Writing in this week’s TES Scotland, Sandy Wilson, who was head of education and lifelong learning in Clackmannanshire, accuses HMIE of a “cavalier” approach in using different bases for its statistical analysis of the education services in Clackmannanshire and East Ayrshire.

Mr Wilson said that this was “at the very least careless or incompetent”.

He added: “The outcome is certainly less than impressive and is one which undermines any residual confidence I had in HMIE’s capacity to understand, far less report objectively on, the performance of education authorities.”

Mr Wilson says he is not trying to disparage East Ayrshire’s performance or elevate that of his former authority. HMIE’s analysis was that the impact of Clackmannanshire on learners and its record of continuous improvement and performance was good and adequate; East Ayrshire scored very good and good.

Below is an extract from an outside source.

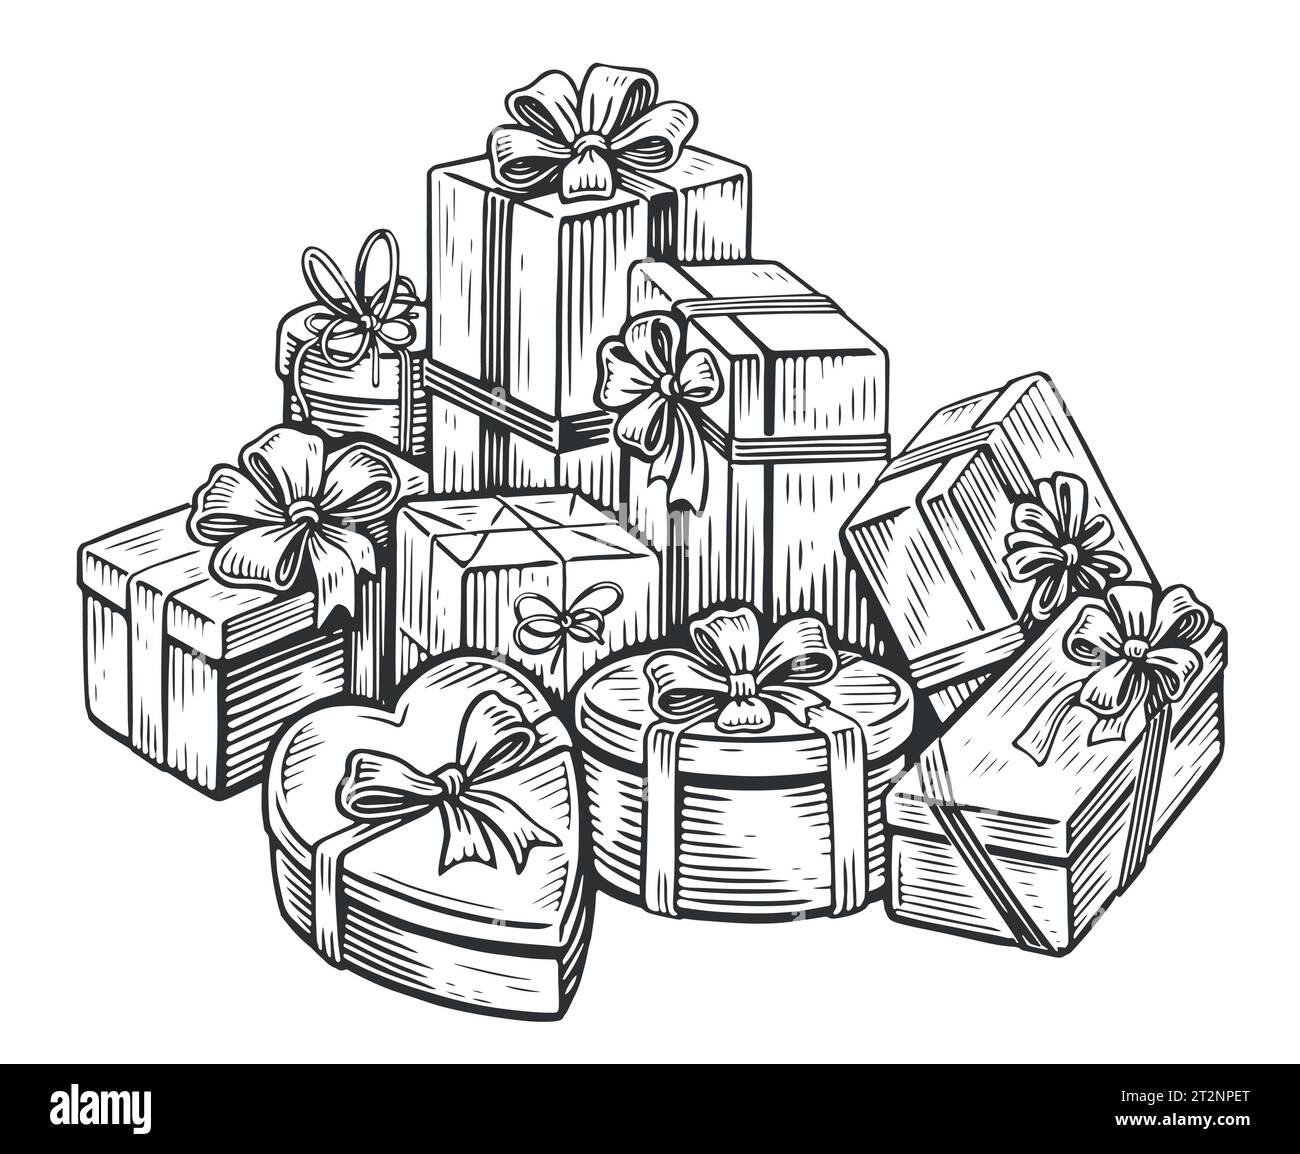 Big pile of gift boxes in festive wrapping paper with ribbon and bows. Holiday and Christmas Gifts. Sketch vector Stock Vector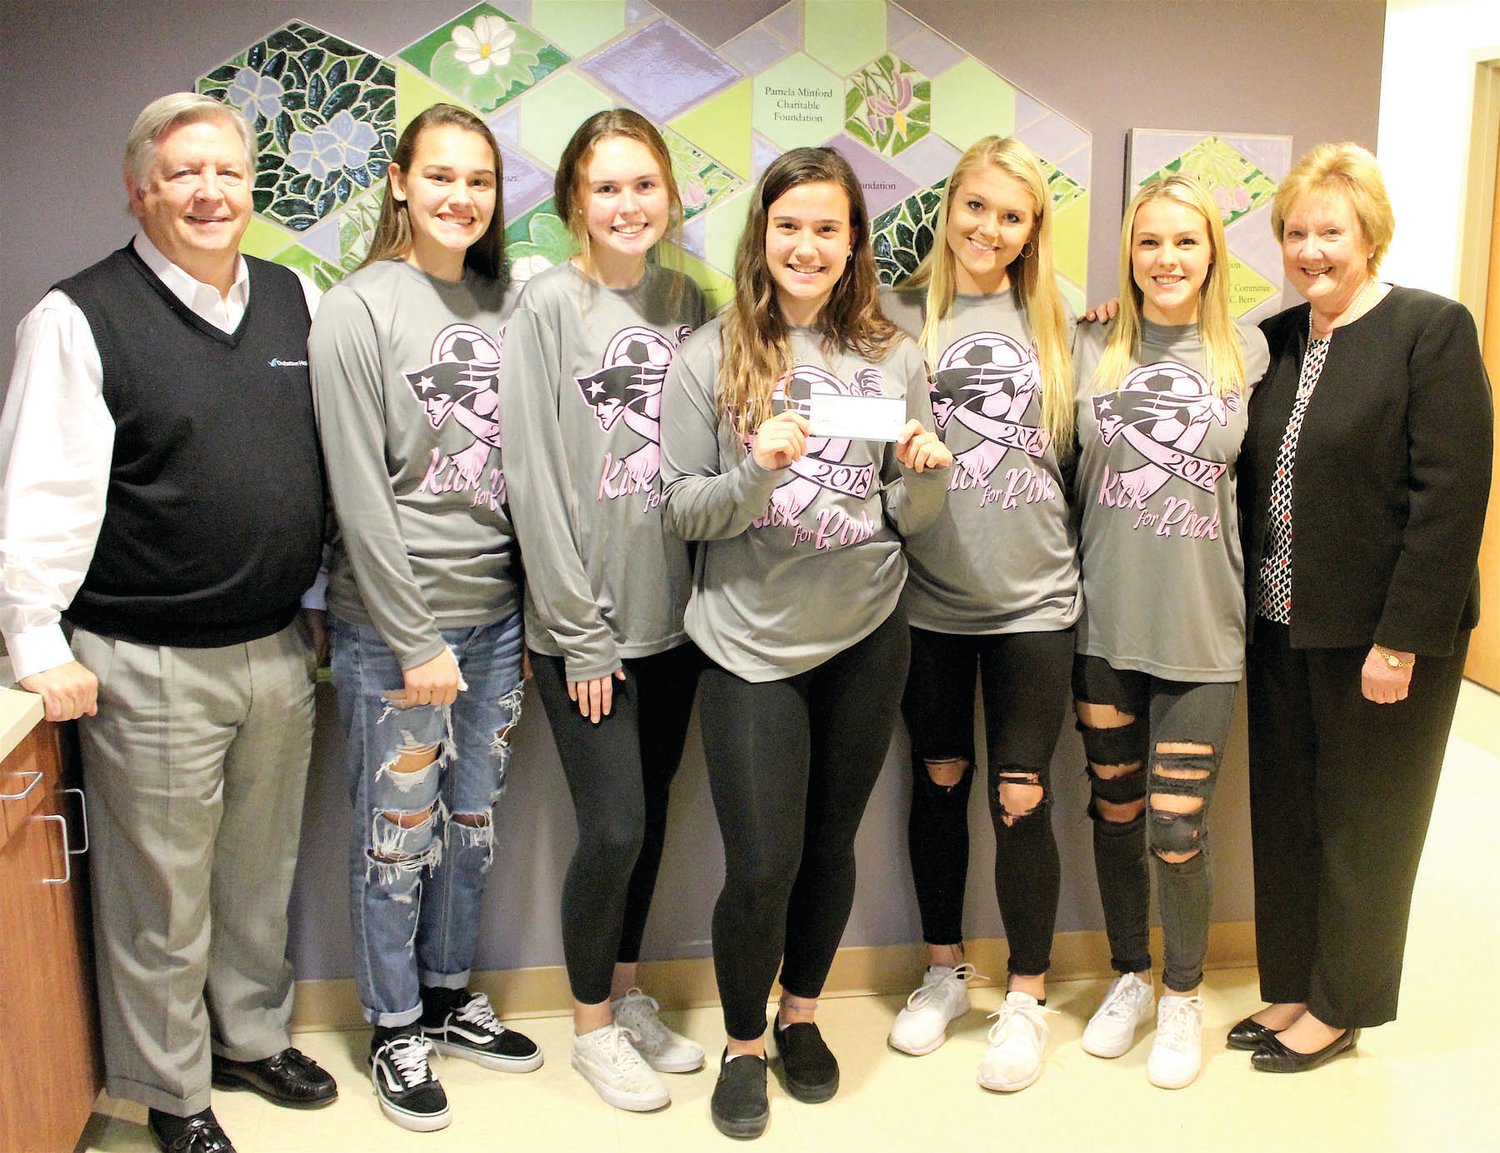 From left are: Jim Brexler, president and CEO, Doylestown Health; students Jenna Abaza, Meghan Gallagher, Trish Hauck, Kristen Obetz, Anna Bound and Cathy Benner, executive director of Rehab and Cancer Services. Not pictured are Ashley Balderson and Julie Beedle.

The reports on the two councils were part of the second cycle of education authority inspections known as INEA (inspection of education authorities).

A spokesperson for HMIE said the exercises in Clackmannanshire and East Ayrshire took the form of extended pilot inspections which were specifically designed to trial some of the methodologies for the new inspections. “This meant that different approaches were trialled in each of the inspections, and these variations were exactly what the pilot was for,”

the spokesperson said. She added: “Neither of the pilot inspection reports will be used for comparison for the next cycle of inspections and they were not published in the usual way. The nature and scope of the published report was also part of the trials and was intended to be different in each of the two pilot areas.”